→ **What is needed**:
Your answer should be the lines from the one with "Fantastic Four 2015" to the end of the data below, both included, exact and free of pictures.

→ **Dataset excerpt**:
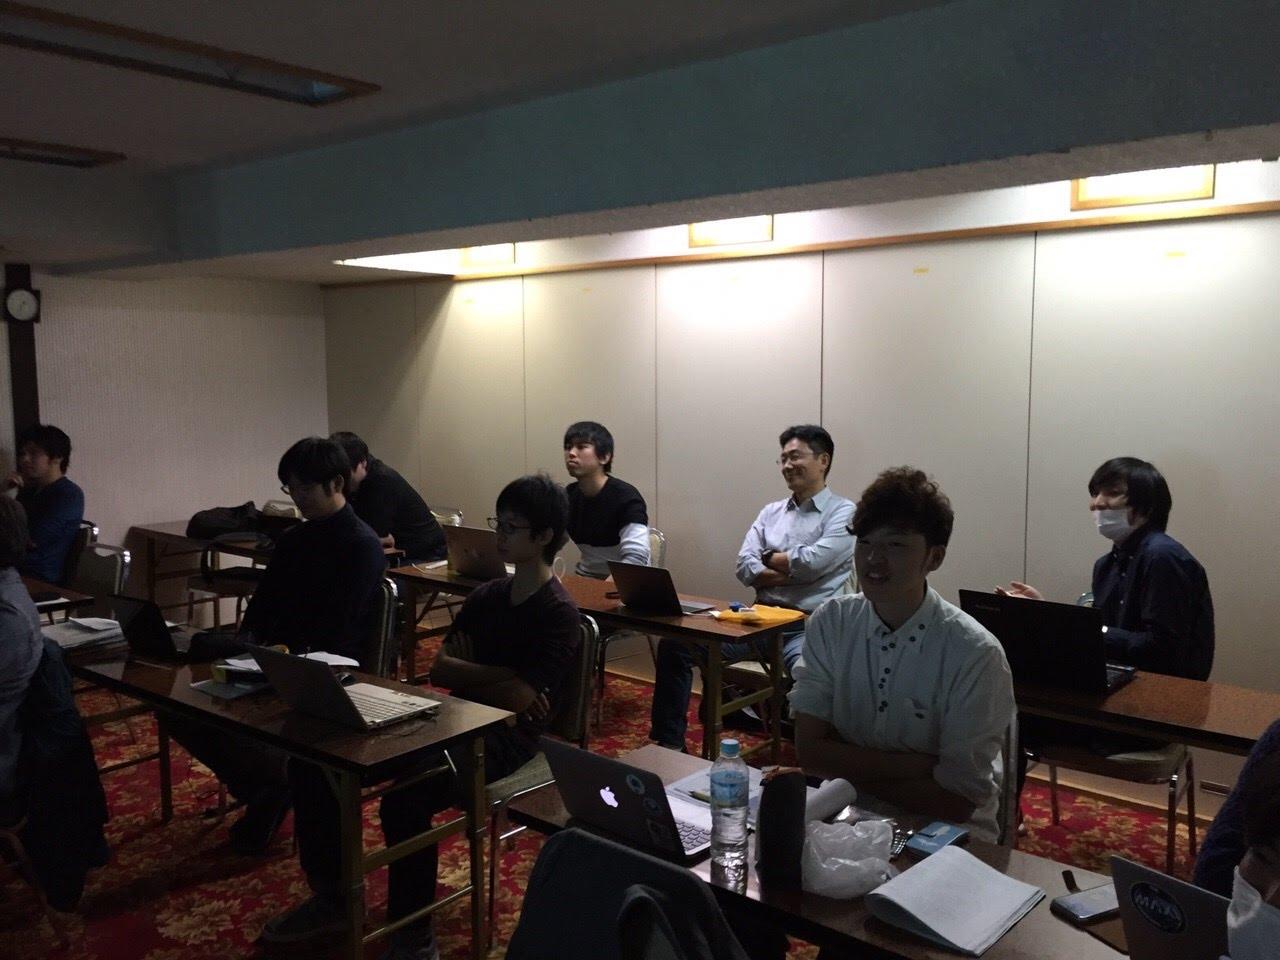 https://4310b1a9-a-c2f1267d-s-sites.googlegroups.com/a/yoshida-agu.net/home/dairy-of-yoshida-lab/20151178/happyou3.JPG?attachauth=ANoY7coBaq4KO_rbB-k6ZFG8iXMOrmEc2kDvP1So-Sw9hSqJ8pu_mKtAzz9r9oC1iYo-bg-RcLq0Qw8xNERFOyAh983gCiS9sBJ_NTg8a8SG9pm4VT4VisHOvSpv2bUrGUOjgXNdLasqdWZA7CwUZu_40TMdjh0xC8PfPjf5vqfY0RCgBBYZ1Xio51xoa5jM_Uv_x3_OY7vIIg_48S8_Jccx4DtSique2oxJxnbdkuKl3D_-DWbgXQTHZ32HZuU5xH5OEdrvmPVq&attredirects=0
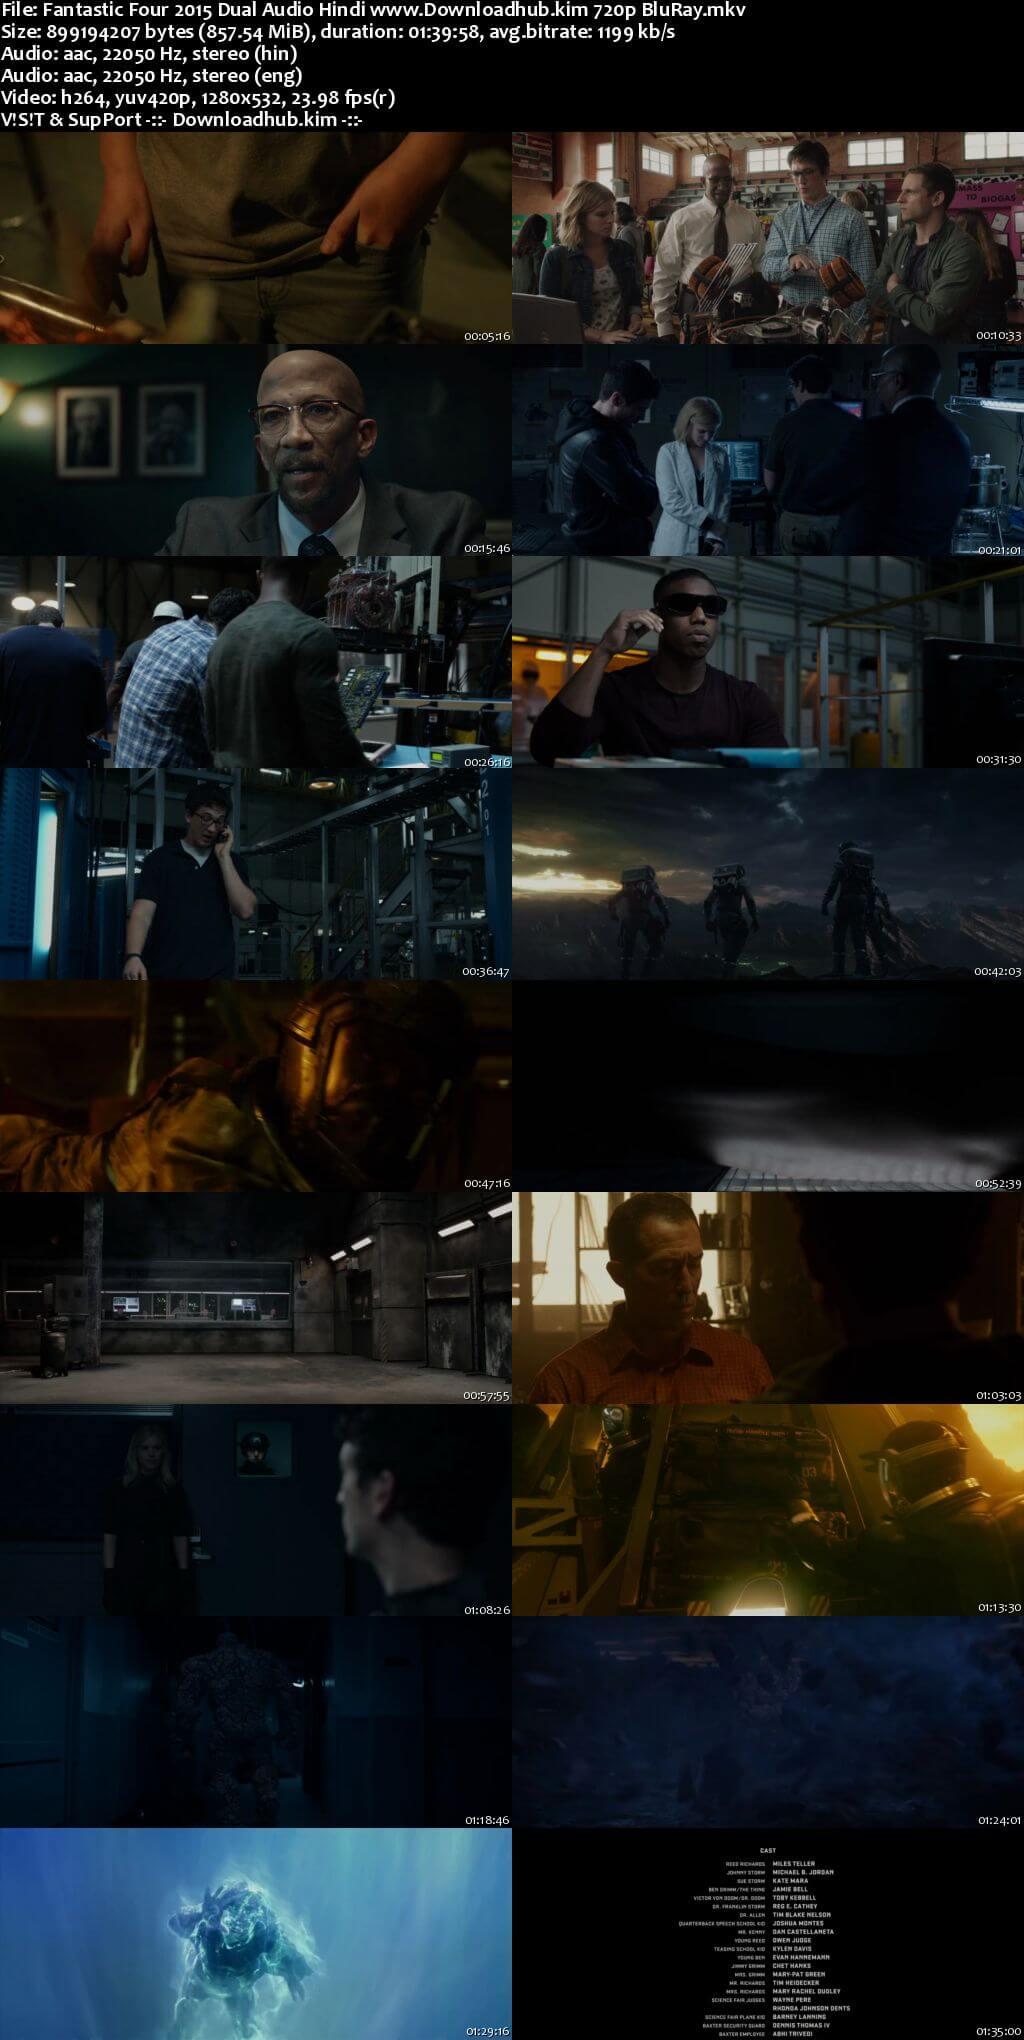 Fantastic Four 2015 Hindi Dual Audio 720p BluRay x264
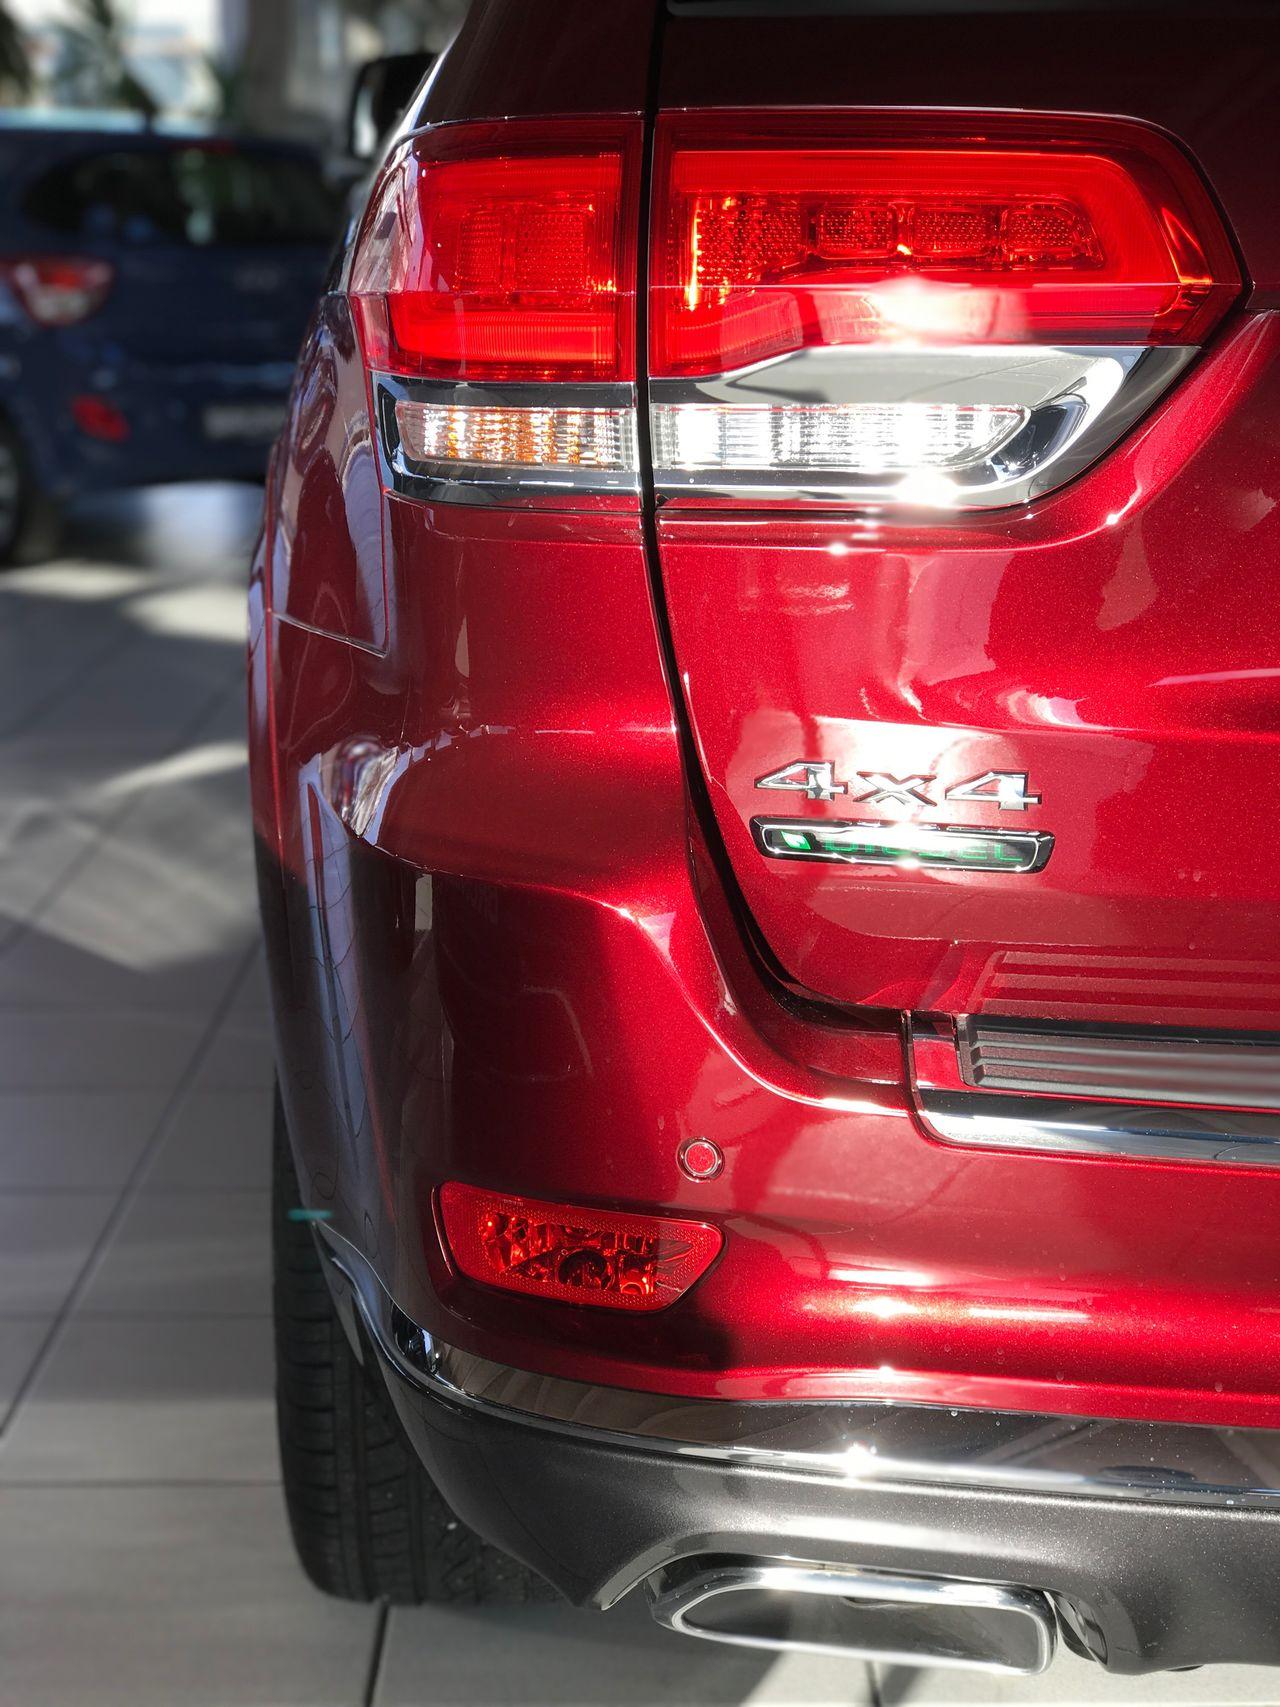 Jeep Grand Cherokee Car Land Vehicle Vehicle Light

→ **Expected answer**:
 Fantastic Four 2015 Hindi Dual Audio 720p BluRay x264
 Jeep Grand Cherokee Car Land Vehicle Vehicle Light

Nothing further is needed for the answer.